Bingo.  If there was a way of exploiting Amazon's automated payment system (there are no humans involved) then it would be big news.  Heck, I would be more tempted to believe a relative pulled the card out of your purse and copied the info than Amazon was at fault.

The #1 online retailer in the world, even whispers of an issue would be plastered on the front of every news site.


----------



## somdfunguy

Hodr said:


> Bingo.  If there was a way of exploiting Amazon's automated payment system (there are no humans involved) then it would be big news.  Heck, I would be more tempted to believe a relative pulled the card out of your purse and copied the info than Amazon was at fault.
> 
> The #1 online retailer in the world, even whispers of an issue would be plastered on the front of every news site.



exactly


----------



## Hodr

vraiblonde said:


> Considering the number of people who use their credit/debit card both online and in the dirt world, very few people actually have their card compromised.  I think the studies say 18% of adults have had their credit card information stolen, which means that 82% have not.
> 
> I have to believe, given how freaking stupid people are, that much of that 18% are people who don't take reasonable precautions.  I do EVERYTHING online - like EVERYTHING - and I've had my card compromised I think twice in the last 20 years or so.  Knock wood.    So be cautious, but no need to freak out.

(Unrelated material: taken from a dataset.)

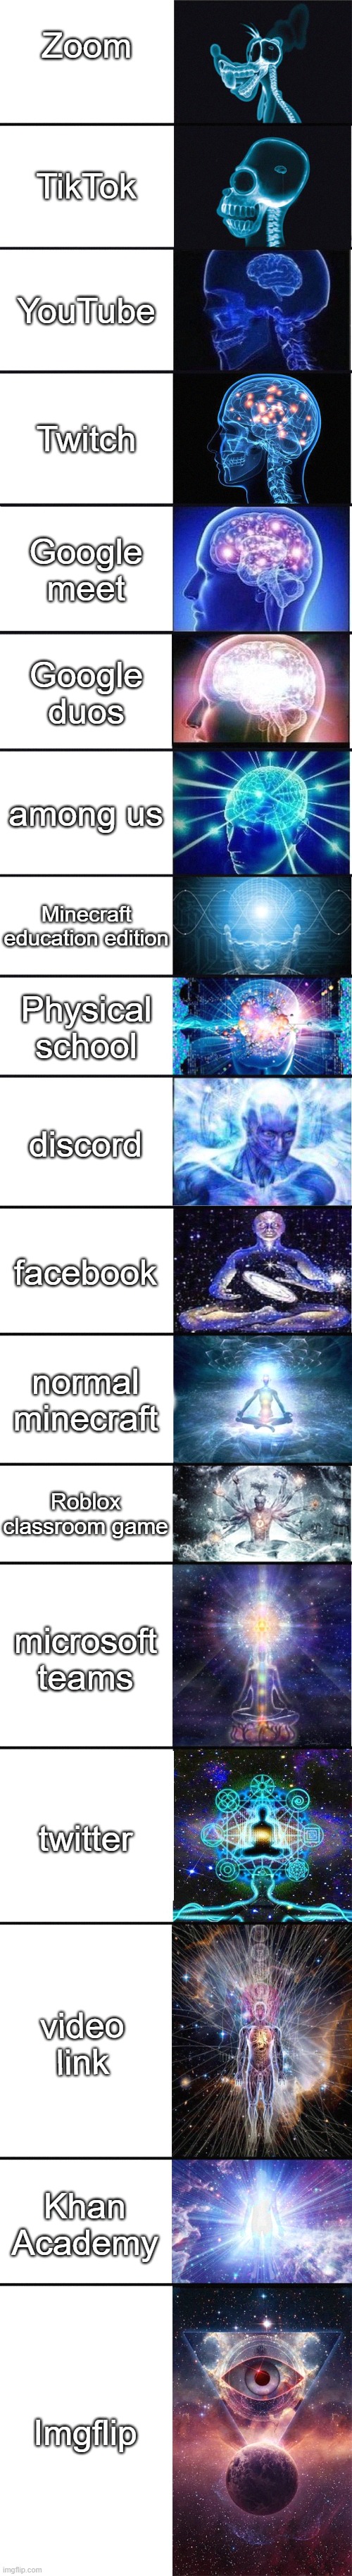 zoom = trash |  Zoom; TikTok; YouTube; Twitch; Google meet; Google duos; among us; Minecraft education edition; Physical school; discord; facebook; normal minecraft; Roblox classroom game; microsoft teams; twitter; video link; Khan Academy; Imgflip | image tagged in expanding brain 9001 | made w/ Imgflip meme maker

I think you are right and it has more to do with the user computer than the website.  I make several online purchases a day, and have done so for at least twenty years, and have never had a credit card issue that could be traced back to an online purchase.

Gas station in BF Idaho, Wal-Mart in Florida, hotel restaurant in Florida, and currency exchange booth in London.  The common thread in every one of those compromises was an actual person other than myself handling the card.


----------



## Hodr

Tilted said:


> Merchants need to move more quickly to install and bring on line NFC terminals so that they can accept payments using platforms such as Apple Pay and Google Wallet (though I haven't yet researched how the new Google Wallet works sufficiently to be sure that it's a good option from a security standpoint).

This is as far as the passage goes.